4) Each single object should be dumped exactly once. Members that are
allocated within a structure ("composition") should be dumped in-place,
members that are linked-to (separate malloc(), with ownership
responsibility, "aggregation") should be recursively followed.
"Navigation" pointers shouldn't be followed at all, but they have to be
serialized nonetheless. Function pointers should be serialized as
"function identifier strings".

5) The serialized form of each object should contain the unique identifier
of that object. Navigation pointers should be serialized as the unique
identifiers of the linked-to objects. On most platforms, converting the
pointers and addresses to (void *) and printing them with %p should work.

6) Deserialization would happen in two phases.
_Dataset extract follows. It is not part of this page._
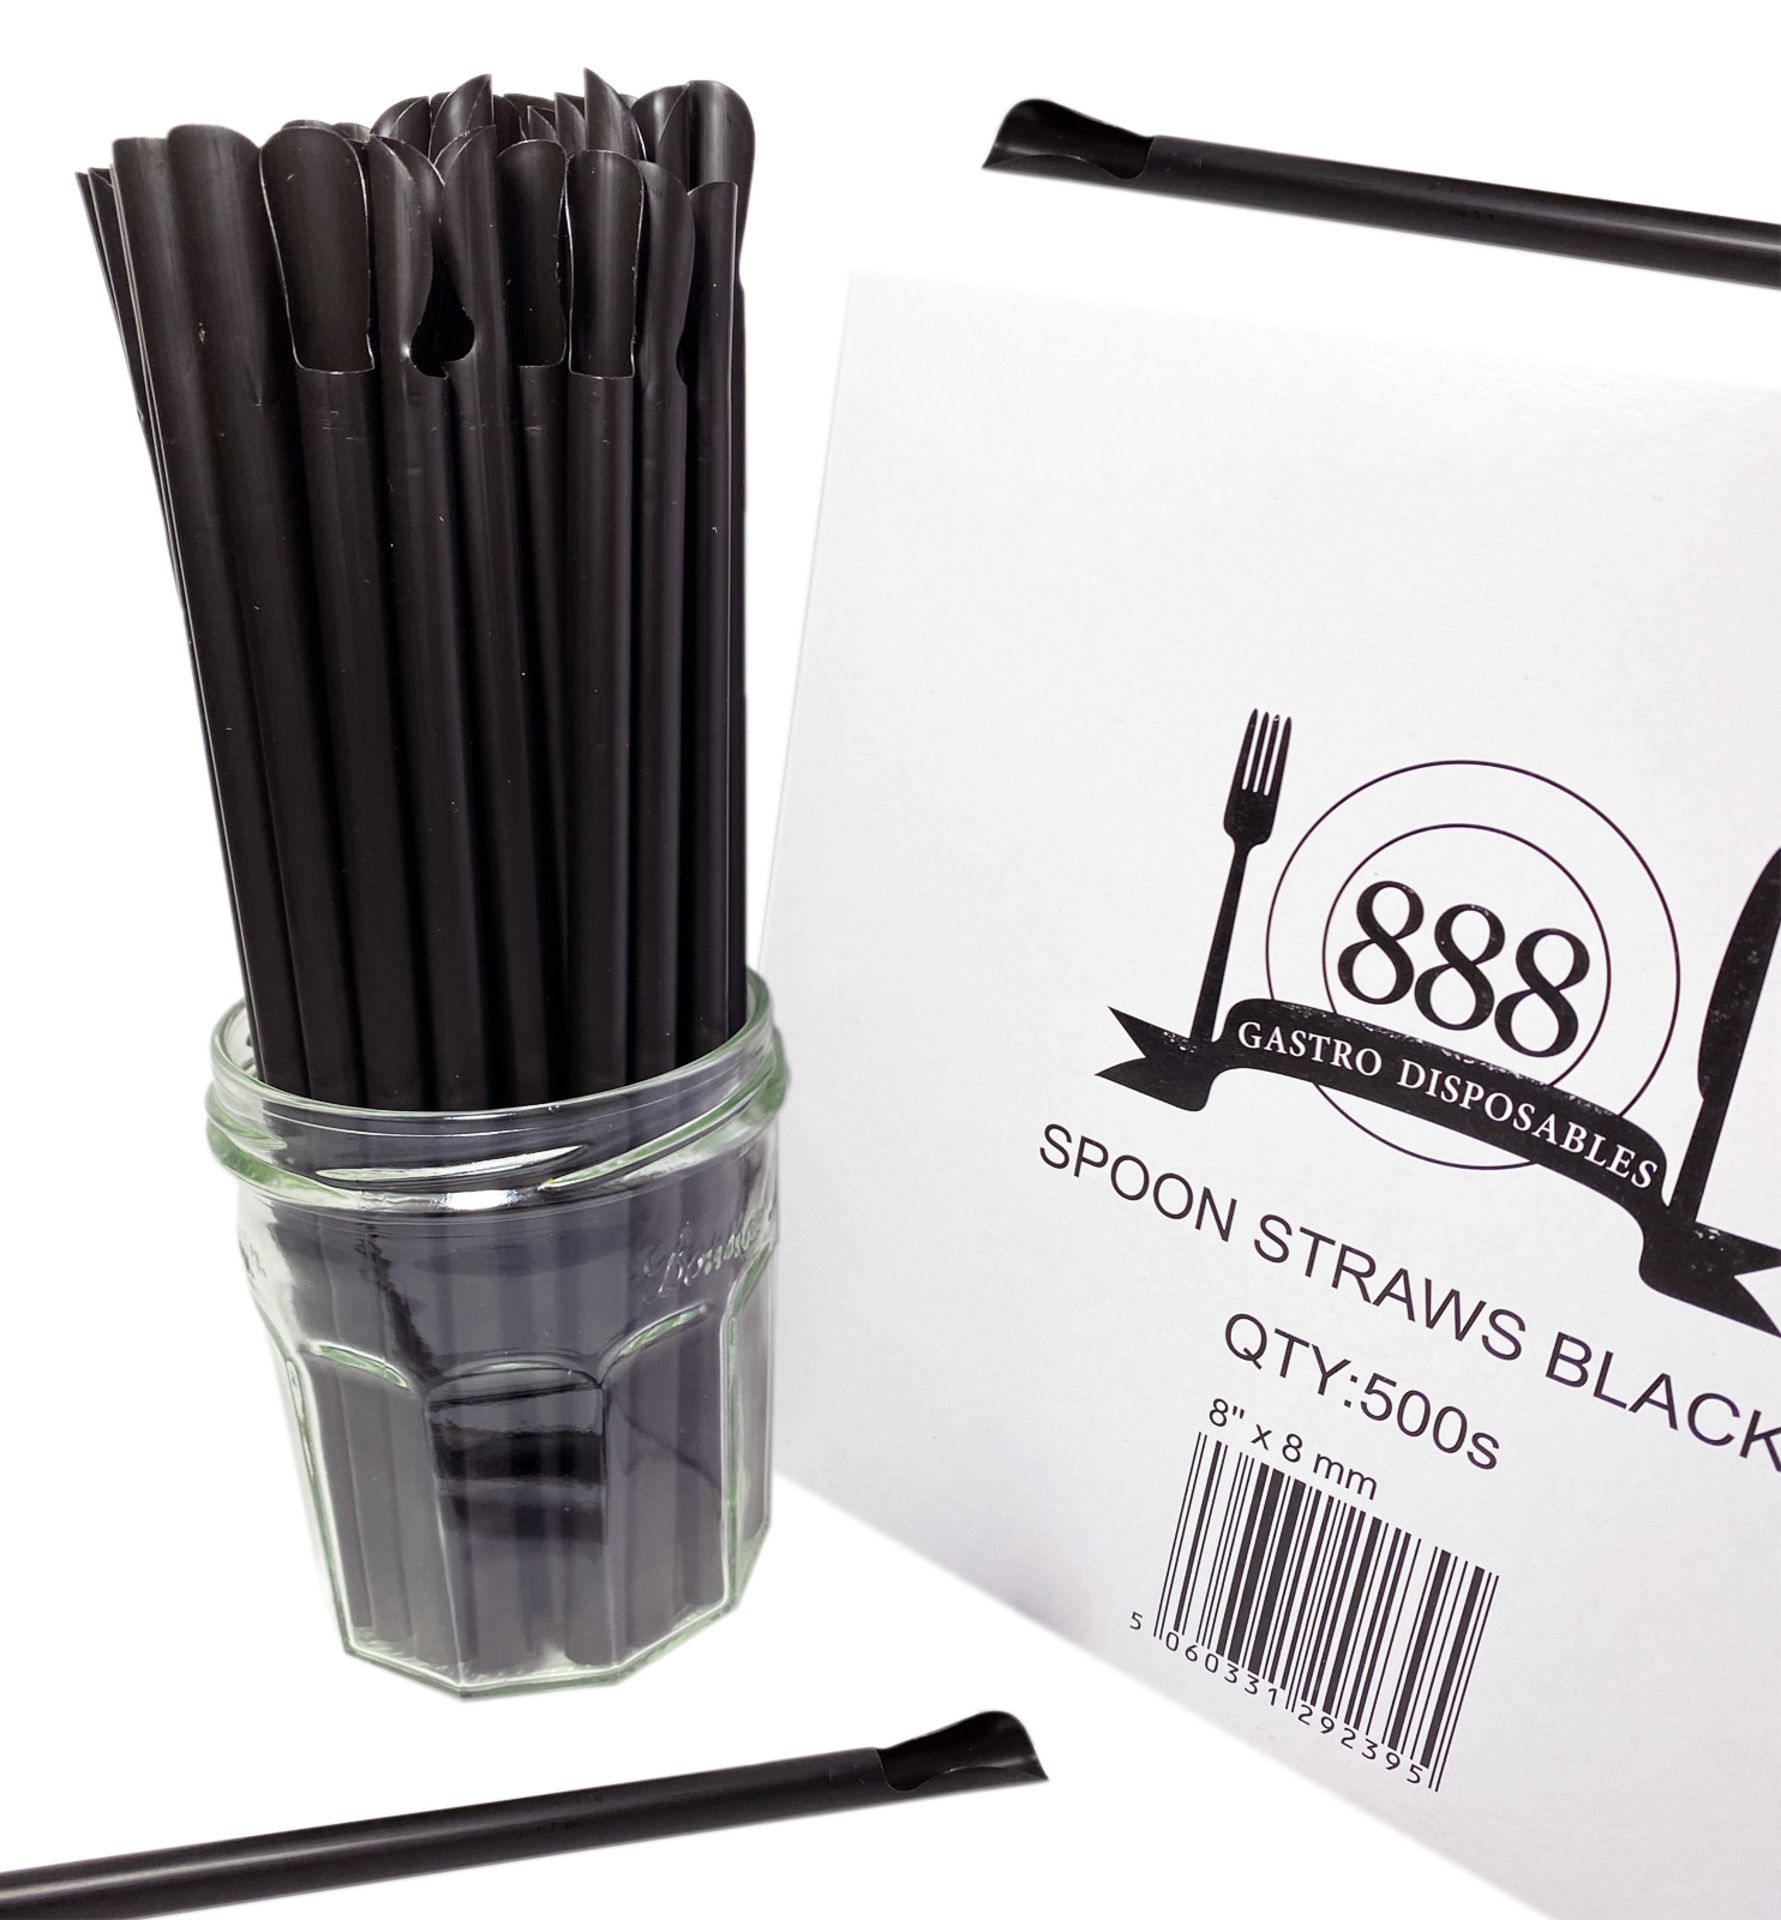 5 x Boxes of Black Spoon Straws by 888 Gastro Disposables

The first phase would
consist of a loop:

- read type identifier token, advance stream
- call type-specific factory function that parses the object and advances
the stream.

Constructed objects are added to (linked to by) a random-access
dictionary, addressible by the serialized unique object identifier (eg.
the originally valid %p strings).

Once all objects are deserialized, the second phase would occur (on top of
the now complete dictionary), revisiting each object exactly once,
updating all "navigation links" (pointer members without ownership
responsibility) via dictionary lookups.

Finally, the dictionary is thrown away.

Sorry if this is a mess...

lacos

Ersek, Laszlo · Jul 14, 2010

static struct base_ops base_ops
{
int (*print_nicely)(FILE *stream, const struct base *base);
};

Ahem, this is not C, but you know what I meant.

struct base_ops
{
int (*print_nicely)(FILE *stream, const struct base *base);
};

static const struct base_ops type1_ops = { &type1_print_nicely },
type2_ops = { &type2_print_nicely };

Sorry for the short circuit, I posted in a rush.

lacos

Paul N · Jul 14, 2010

How to do serialization in C ? Question arises from serialization of
binary tree.

The C++ FAQ at http://www.parashift.com/c++-faq-lite/ has a whole
chapter devoted to serialization. Obviously some of the information
won't be directly relevant, but it's probably a good start. And many
of C++'s features can be simulated in C without too much difficulty.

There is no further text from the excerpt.